Вернись! Это слово – как укол адреналина в сердце. Елена выгибает позвоночник и устремляет взор на белый потолок. Еще несколько сильных эмоций. Они – как электрошок, как адреналин, как глоток воздуха в агонии! Вернись, вернись, вернись! Эти слова способны были бы оживить, столько мольбы в них было. Елена чувствует на себе крепкие руки Клауса и переводит взгляд на мужа. Он переживает, волнуется, но не знает что сказать. Елена обнимает его и, сдерживая крик, снова плачет. Ей кажется, что она пикирует вниз. Больше невозможно терпеть эту боль, невозможно больше сопротивляться и пытаться лететь, когда у тебя обрезаны крылья. Фитиль перегорел, свет выключился, земное притяжение стало очень сильным. А Елена все обнимает, обнимает так крепко! Любовь разрушительна…
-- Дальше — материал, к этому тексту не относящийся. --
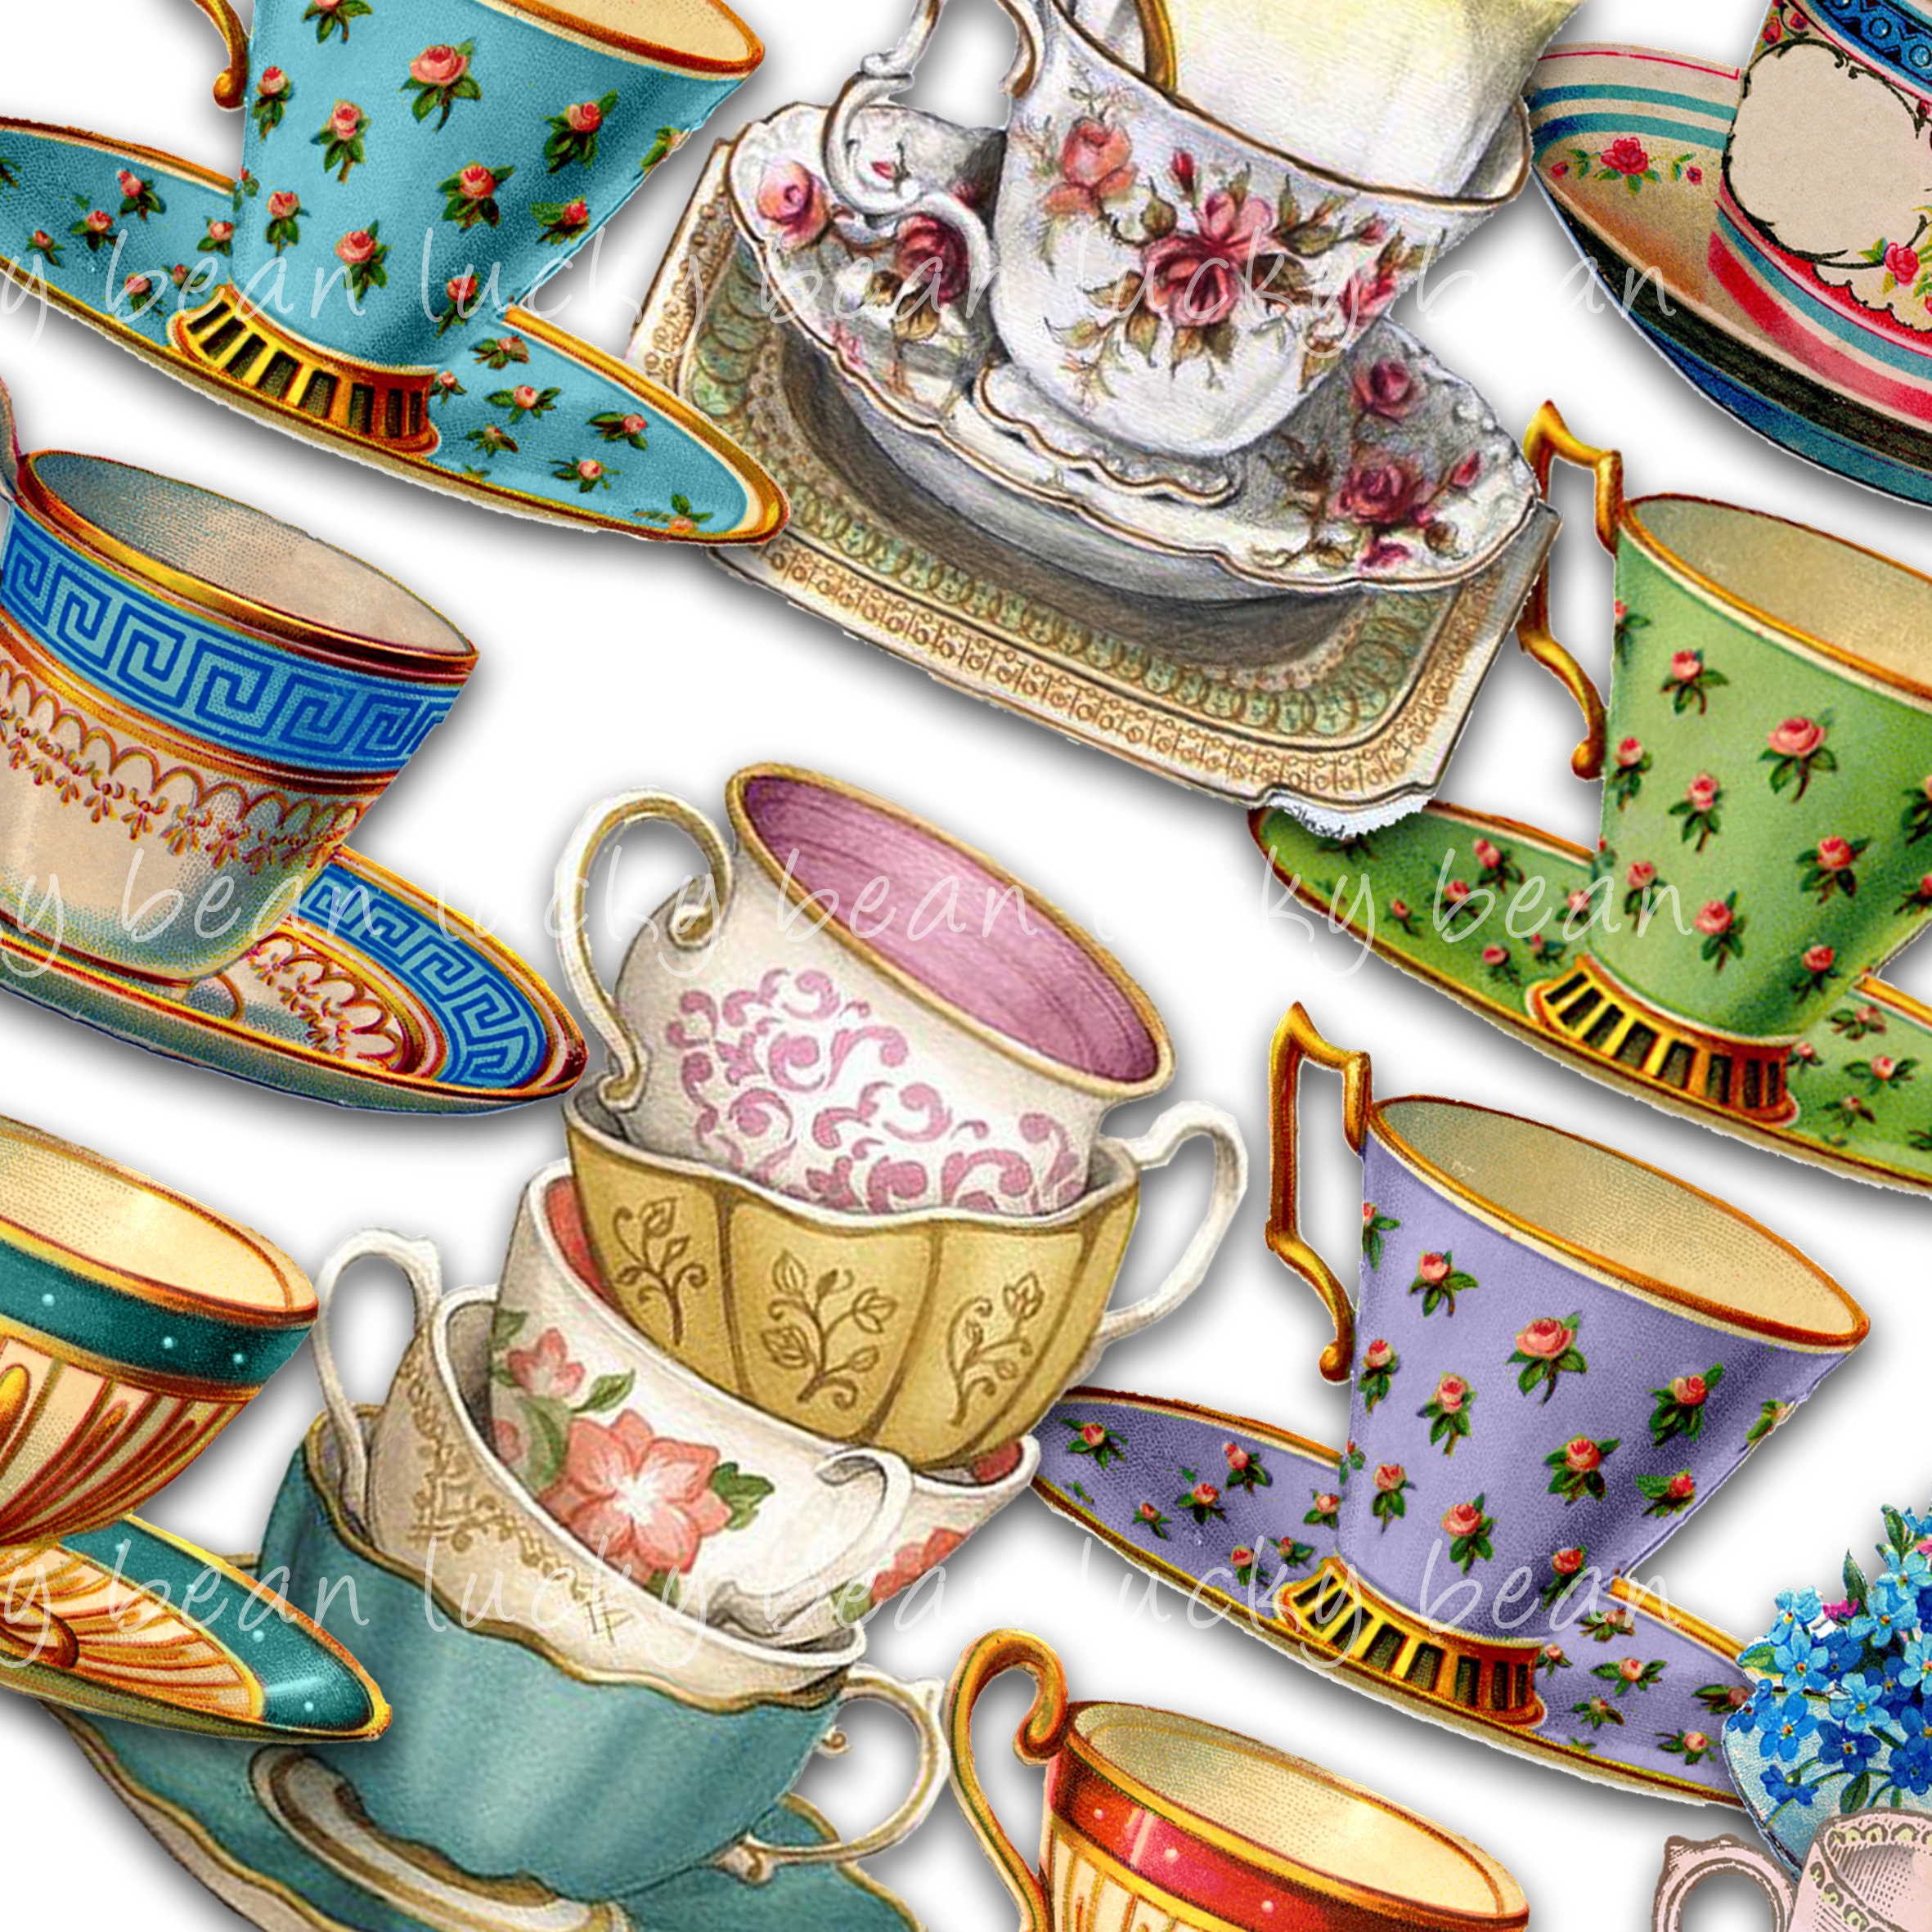 Teacup Clipart Tea Clipart Teacup Floral Vintage Tea Cups Tea Party Clipart Tea  Cups Clipart Teapots Digital Collage Sheet Fussy Cut,cricut -  Israel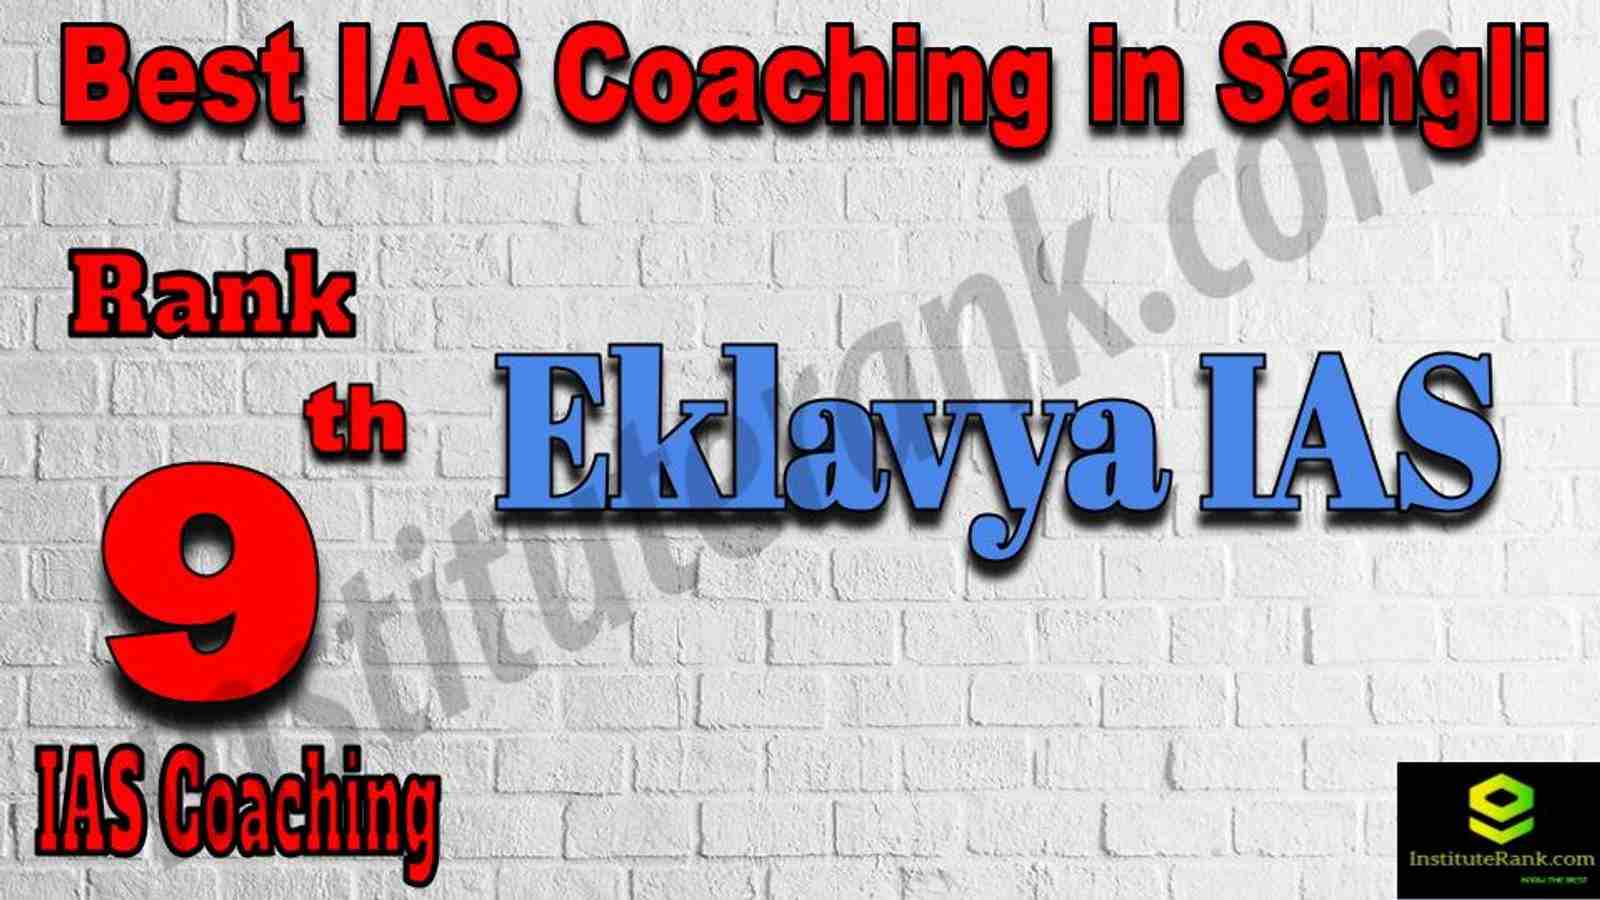 9th Best IAS Coaching in Sangli

– Почему те, кого я люблю, погибают, Ник? – прошептала шатенка. – Я не могу понять. Они просто уходят из моей жизни и оставляют лишь боль, – девушка схватилась за края рубашки мужчины. – Моя любовь убийственна. Она уничтожит и тебя, и Деймона… Рано или поздно это произойдет. Это неизбежно.

Клаус отстранил девушку и, взяв ее лицо в свои ладони, тихо, но уверенно проговорил:

– Это просто совпадения, случайности…

– Случайность – это заранее спланированная закономерность.

– Она занималась наркоторговлей, Елена. Я был в этом мире и знаю, что там разговор короткий. Ты не виновата в ее смерти!

– А Тайлер? – Девушка убрала его руки. – Ты никогда мне не рассказывал, почему он вляпался в это дерьмо! А я скажу почему. Я была слишком богата, а он – слишком беден! Я знаю, что это бьет по достоинству мужчин. Вот почему он пошел работать на тебя, вот почему он так поступил! Из-за меня. Мать пошла на эту дрянную работу из-за моего гребаного зрения! А Розали подсела, потому что Деймон был влюблен в меня, а не в нее. Я – причина всех катастроф!

Отчасти Елена была права. Может, это наказание. Может, просто стечение обстоятельств. Но человек устает… Ему хочется хоть немножечко счастья. Совсем чуть-чуть. А когда вокруг тебя гибнут близкие – это способно вывести из равновесия, выбить почву из-под ног, свести с ума. И Елена устала от потерь.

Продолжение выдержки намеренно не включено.